TASK TO COMPLETE —
Leaving out every picture, copy the lines of the material below exactly, from the line containing "Ueberblick uber Warschau" through the line containing "INZAMELINGSACTIE: 'Together for Ukraine'".

AVAILABLE RECORDS —

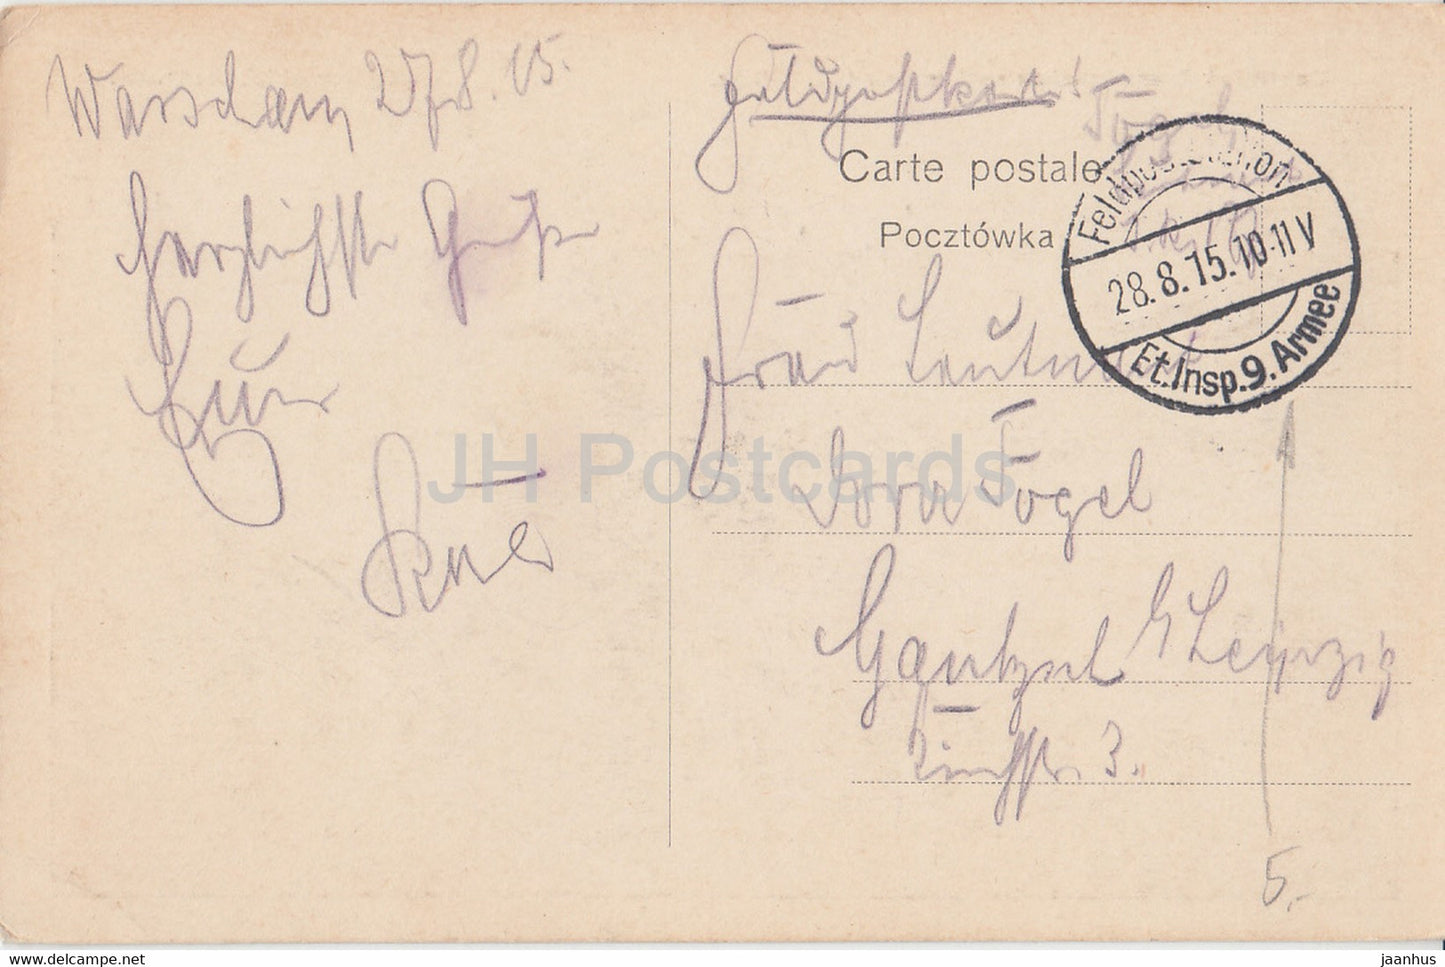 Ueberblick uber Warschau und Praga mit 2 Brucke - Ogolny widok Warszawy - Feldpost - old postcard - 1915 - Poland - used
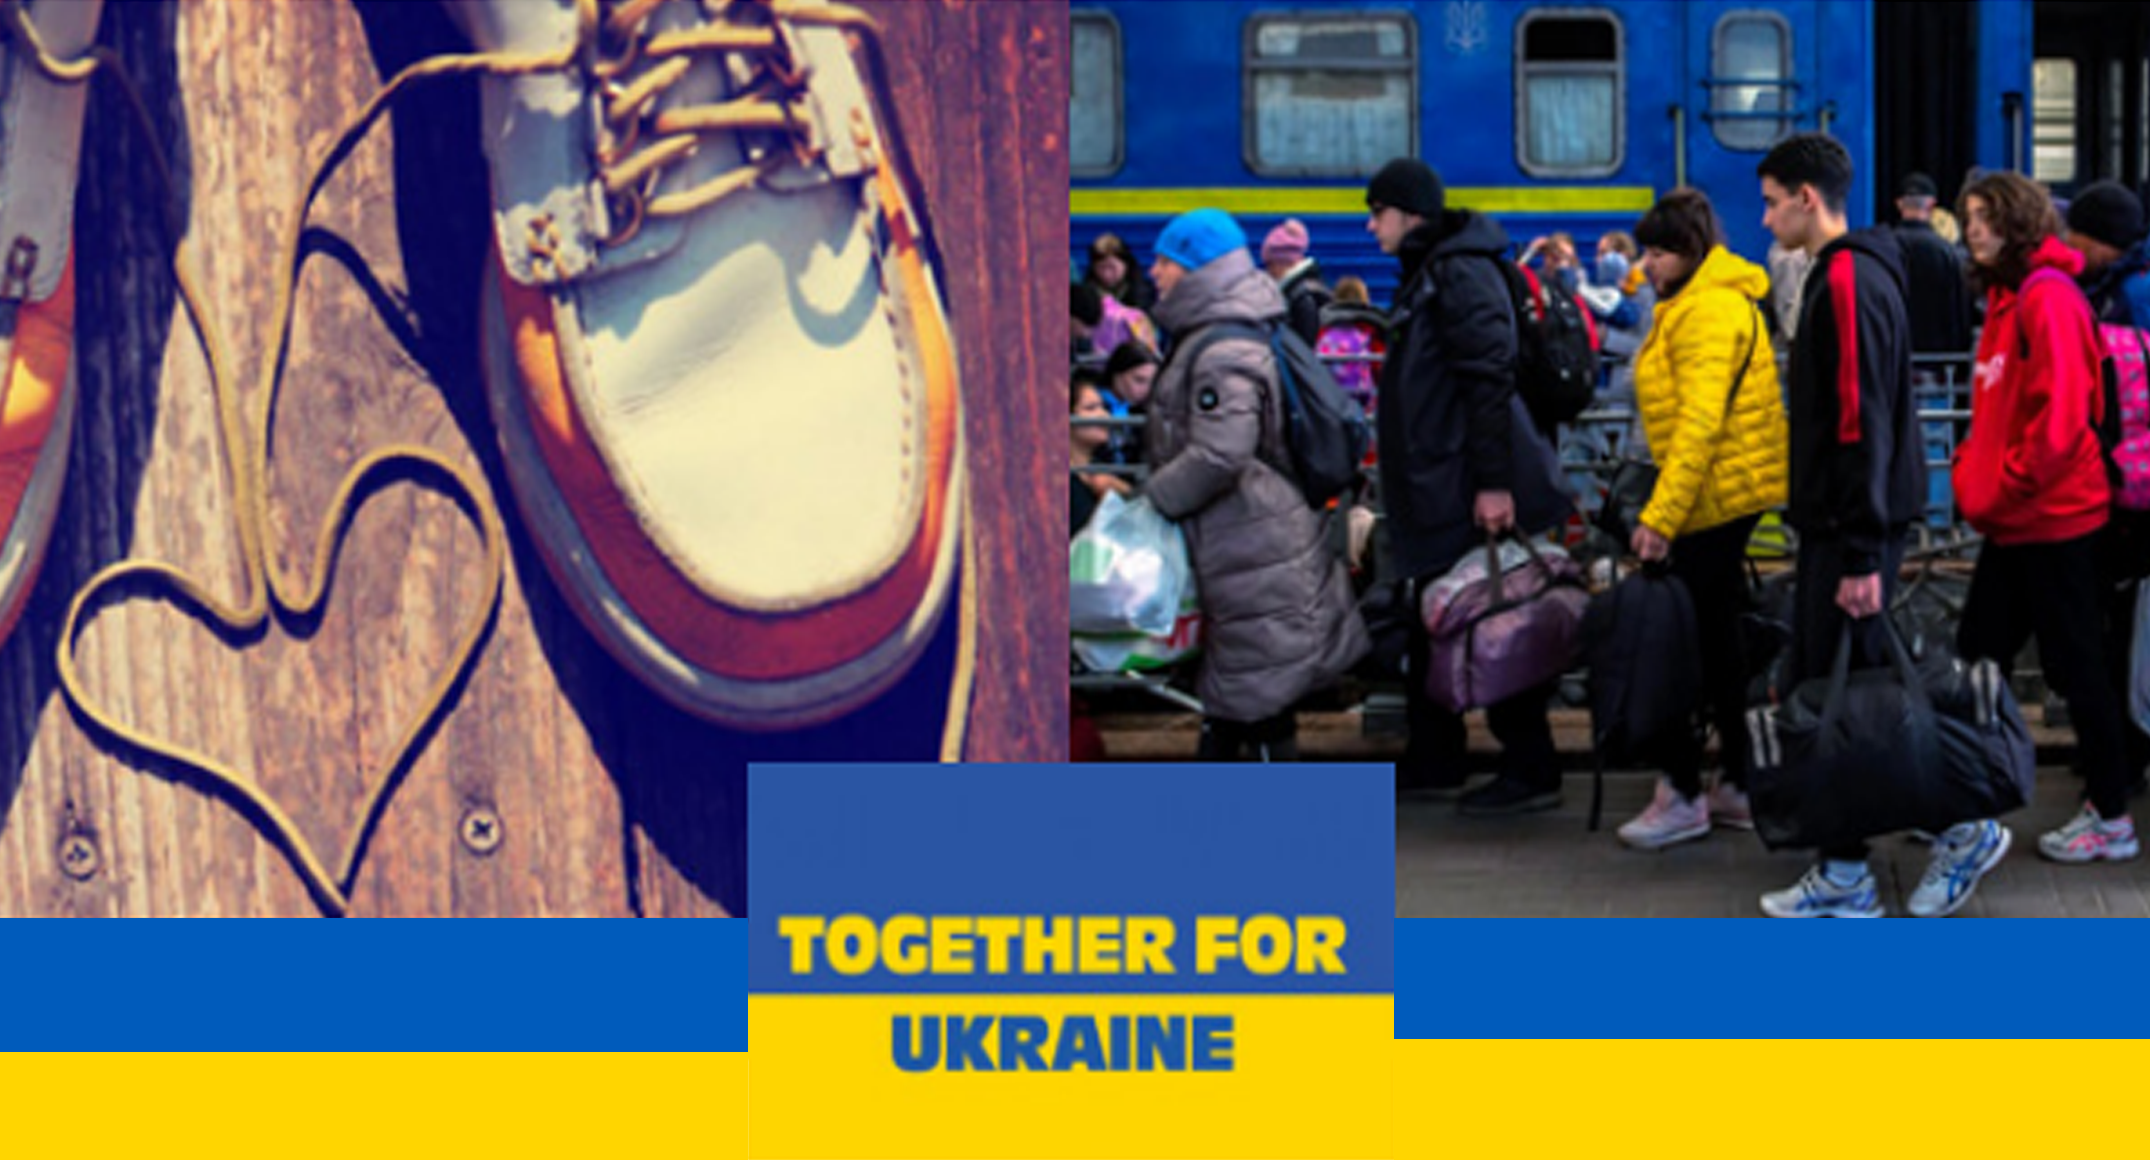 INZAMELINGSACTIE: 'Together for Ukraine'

==

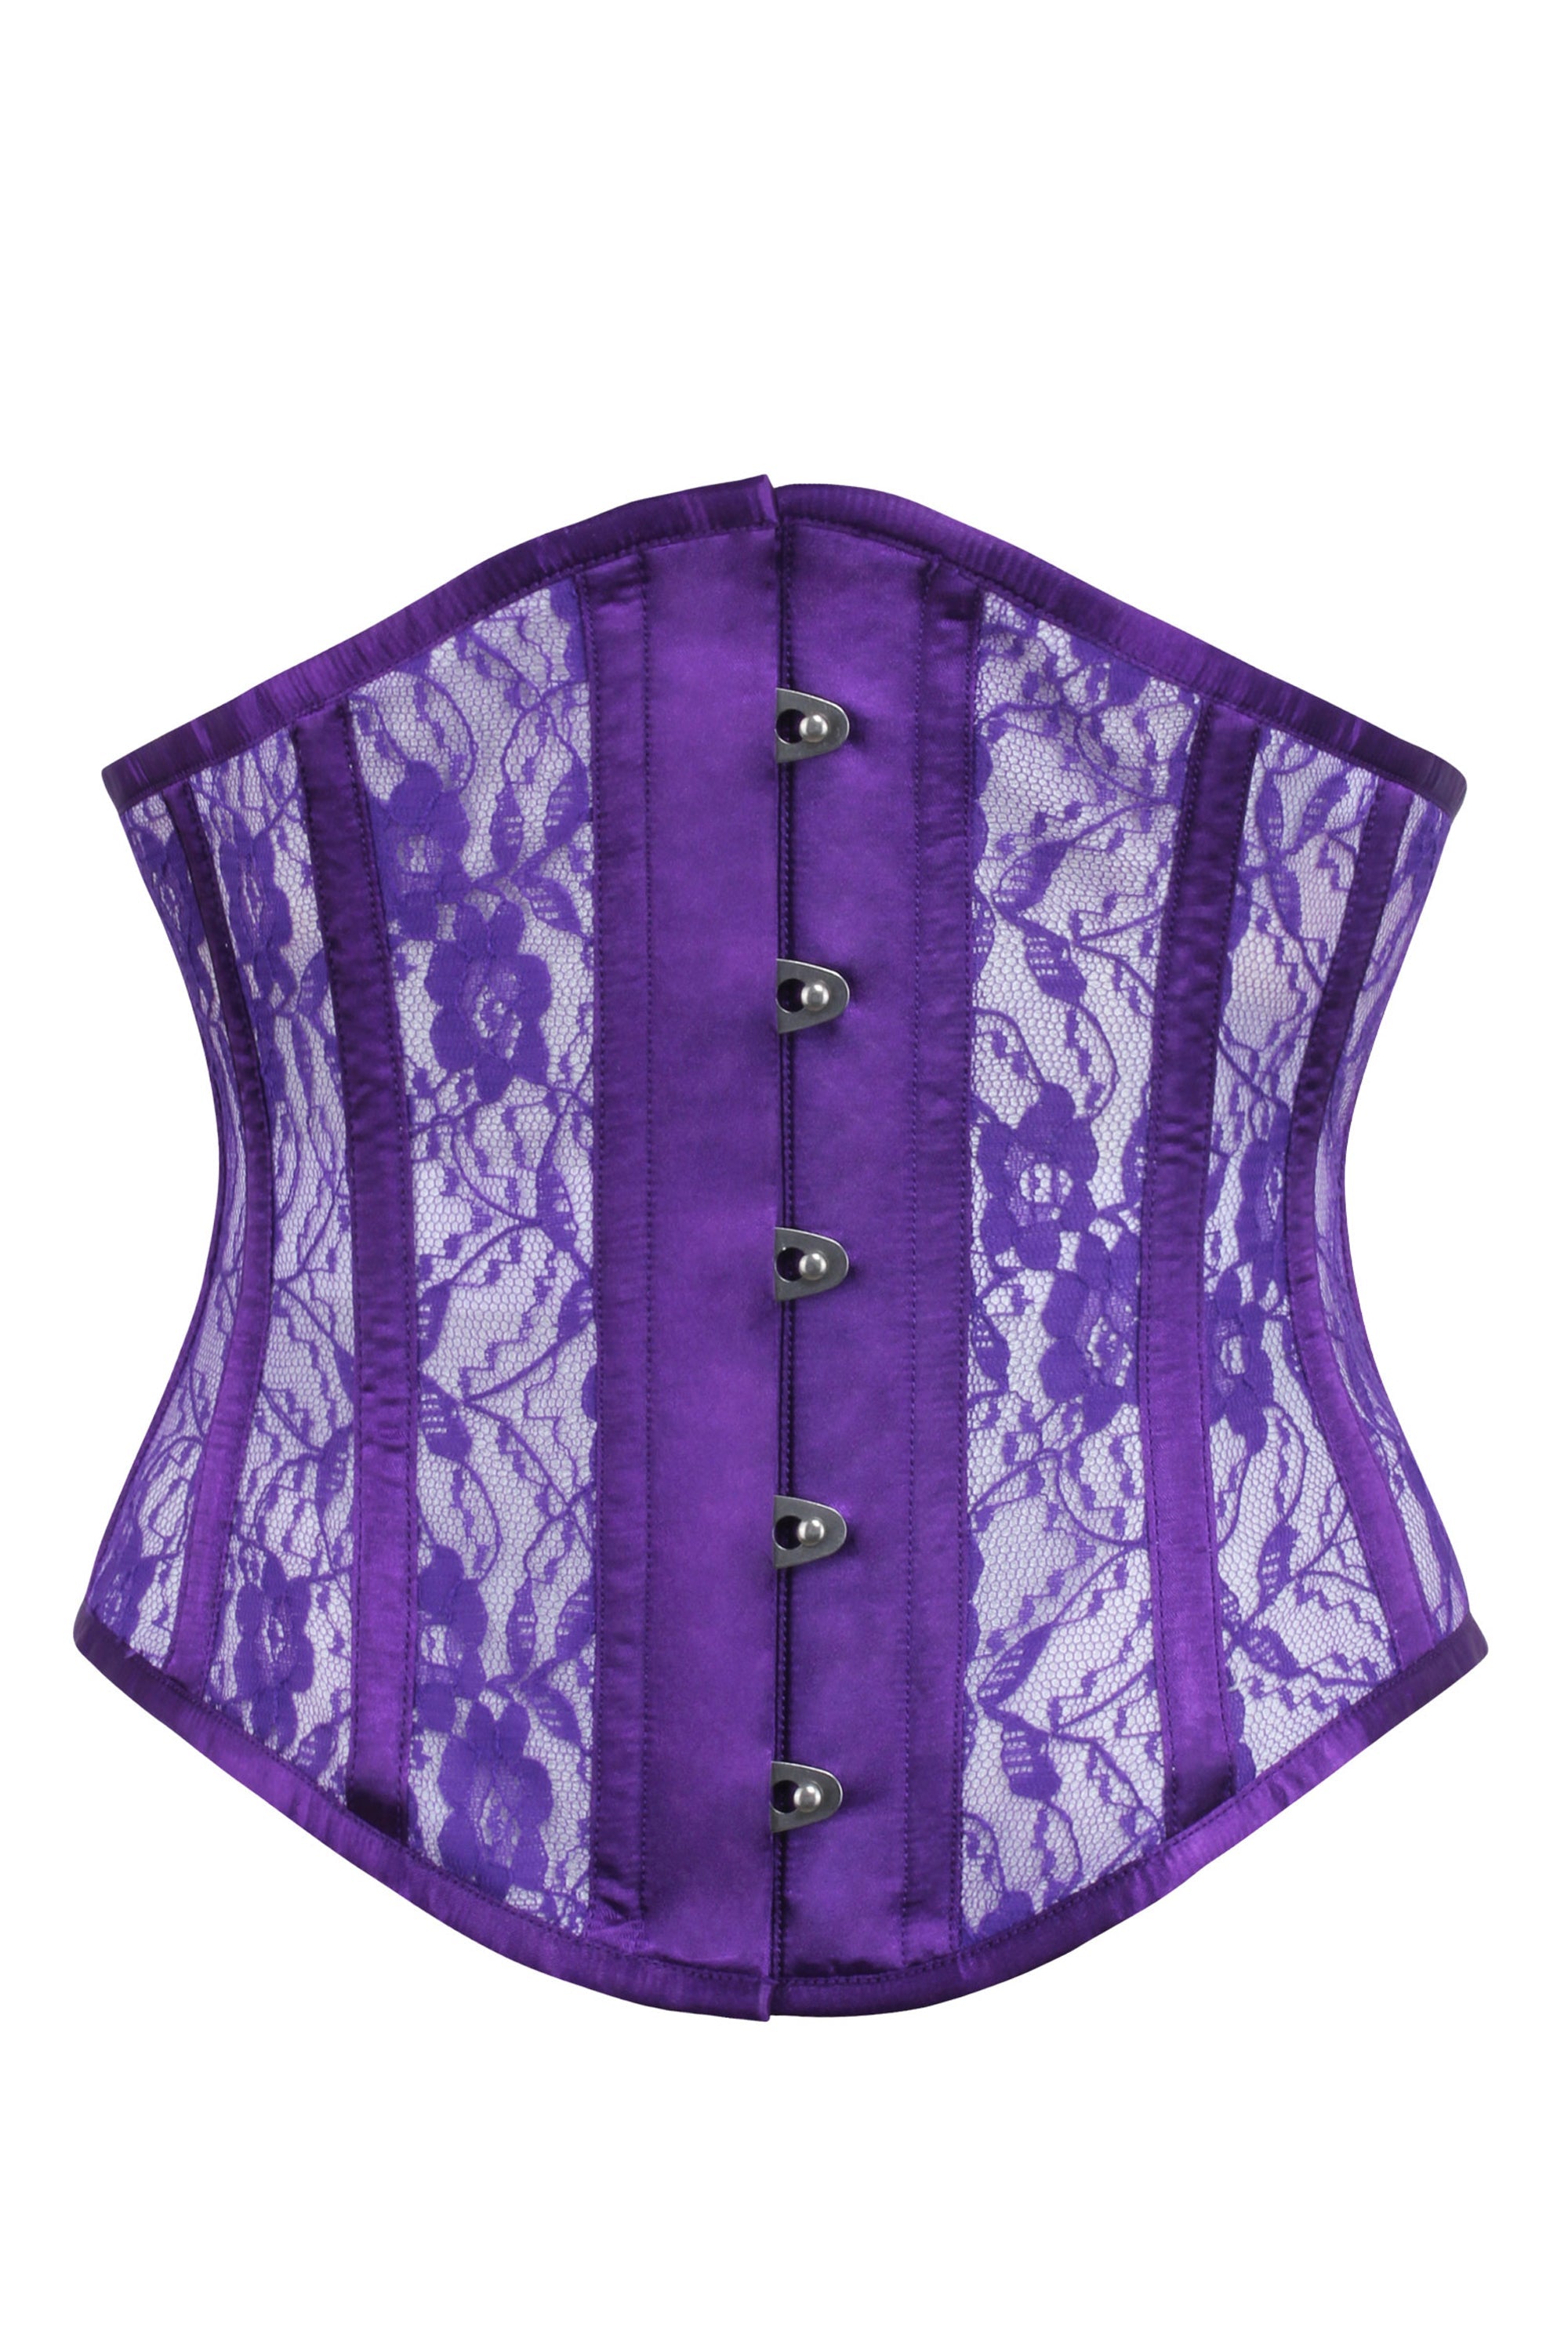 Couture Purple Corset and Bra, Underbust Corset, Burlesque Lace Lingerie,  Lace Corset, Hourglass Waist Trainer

...

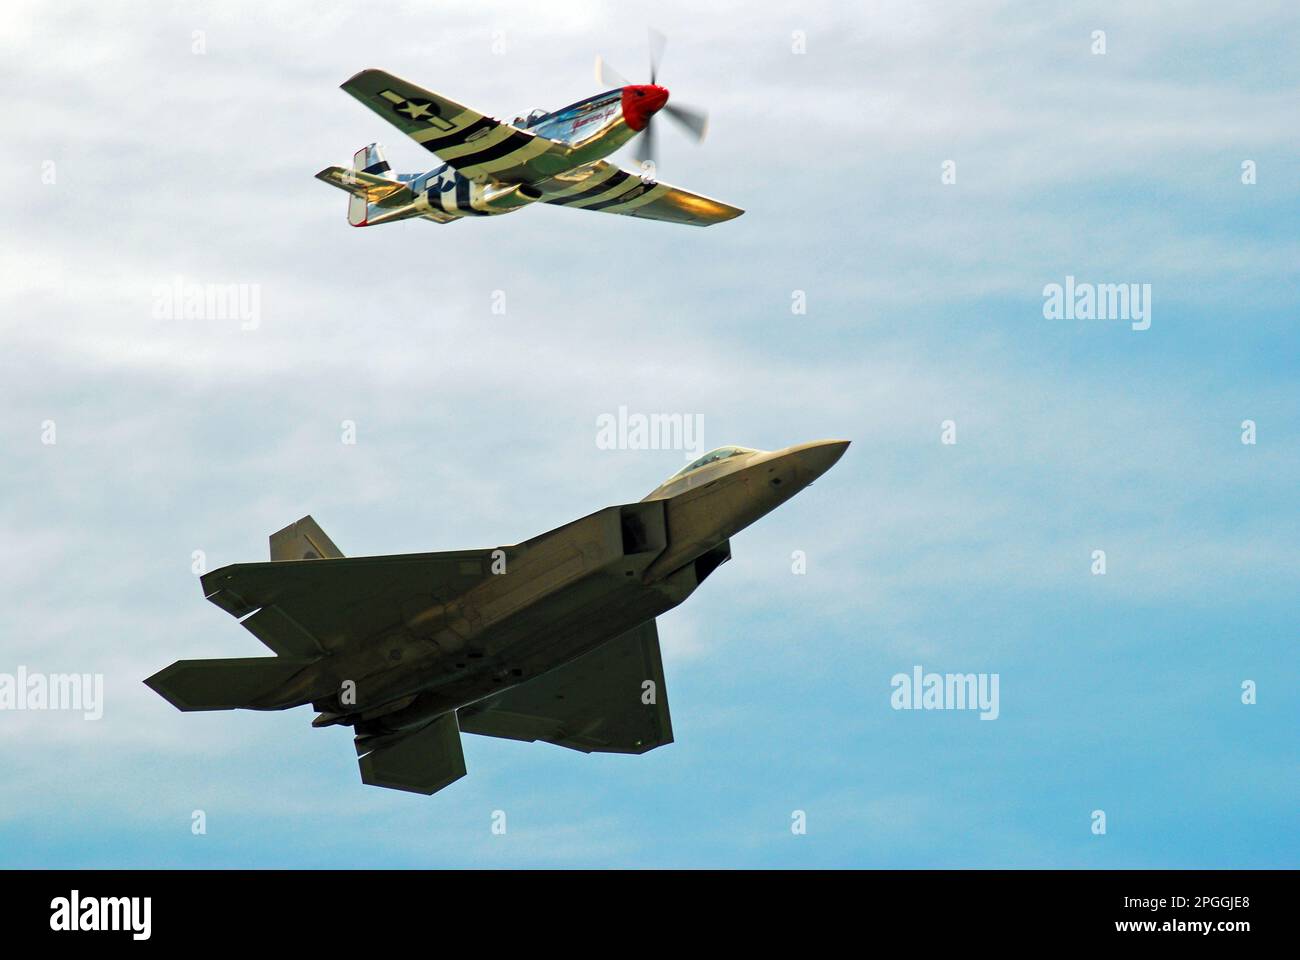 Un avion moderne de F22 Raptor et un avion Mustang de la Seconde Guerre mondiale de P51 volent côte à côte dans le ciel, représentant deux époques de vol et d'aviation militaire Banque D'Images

RESULT FOR THIS TASK —
 Ueberblick uber Warschau und Praga mit 2 Brucke - Ogolny widok Warszawy - Feldpost - old postcard - 1915 - Poland - used
 INZAMELINGSACTIE: 'Together for Ukraine'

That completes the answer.